(Beginning of DATA BLOCK)

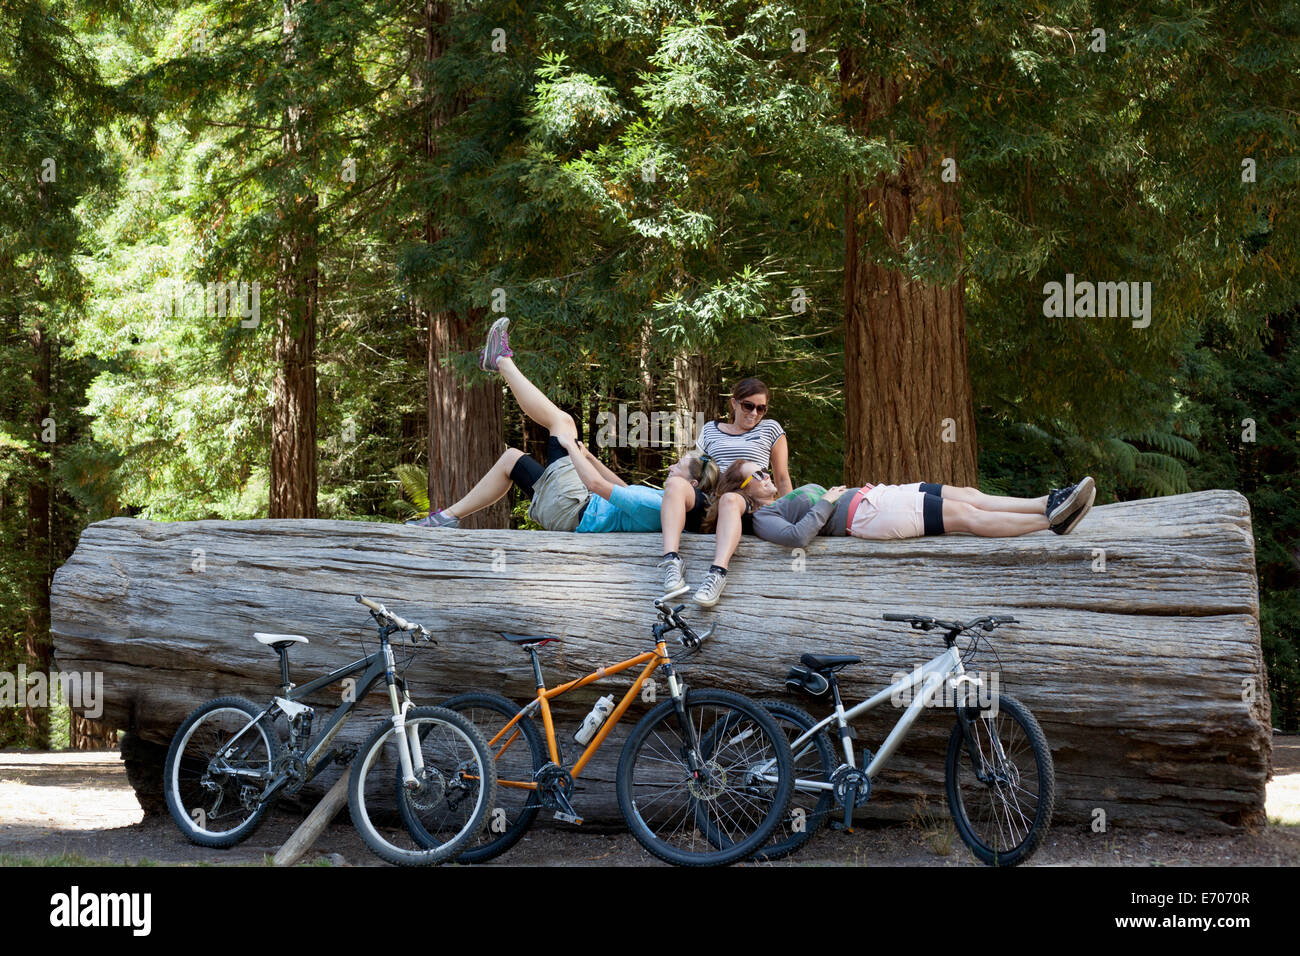 Three women mountain bikers taking a break on tree trunk in forest - Stock Image
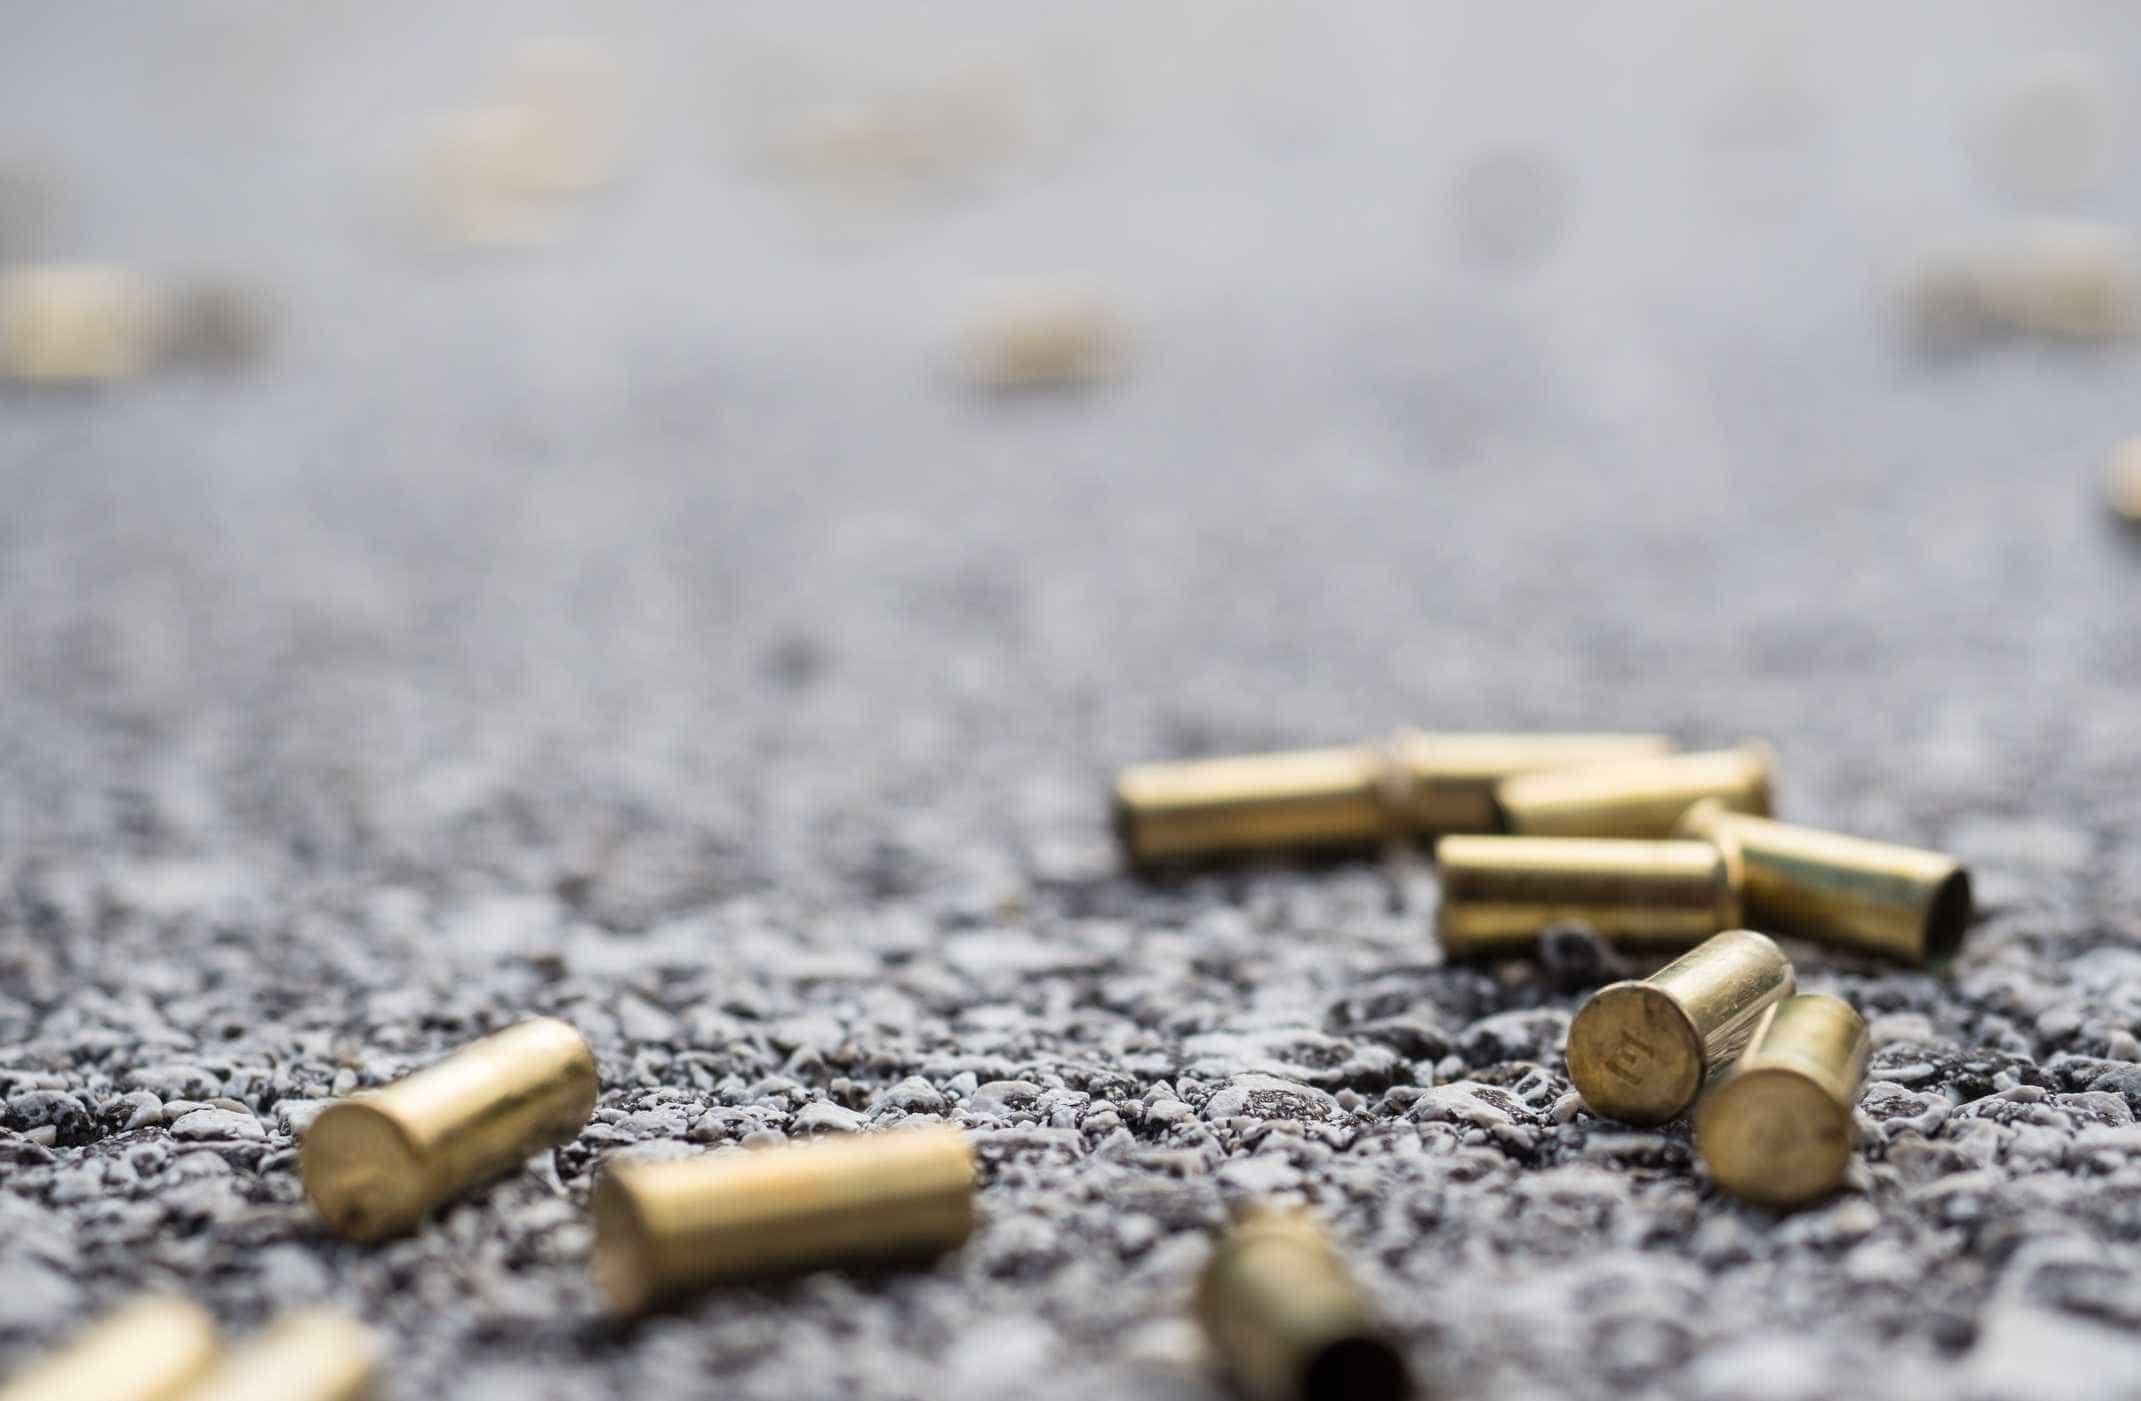 Cenário de horror: vídeo mostra corpos pelo chão após ataque em escola
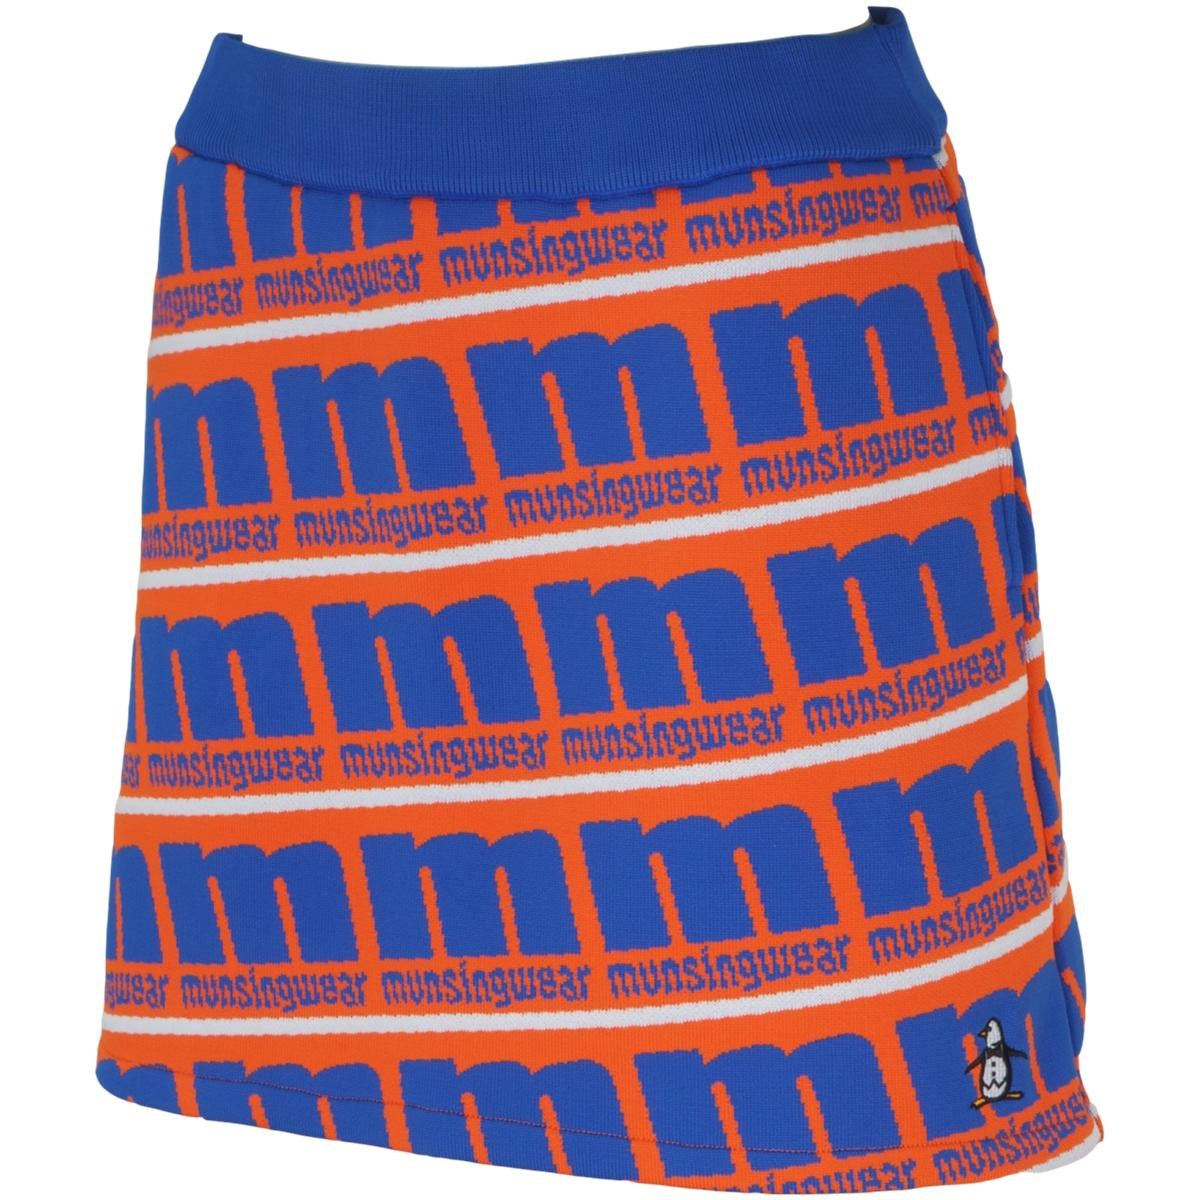 マンシングウェア Munsingwear ENVOY ロゴニットスカート LL ブルー 00 レディス

(End of DATA BLOCK)

| ASSIGNMENT |
Without including any picture, set down every line above exactly as it stands.

| REPLY |
 Three women mountain bikers taking a break on tree trunk in forest - Stock Image
 Cenário de horror: vídeo mostra corpos pelo chão após ataque em escola
 マンシングウェア Munsingwear ENVOY ロゴニットスカート LL ブルー 00 レディス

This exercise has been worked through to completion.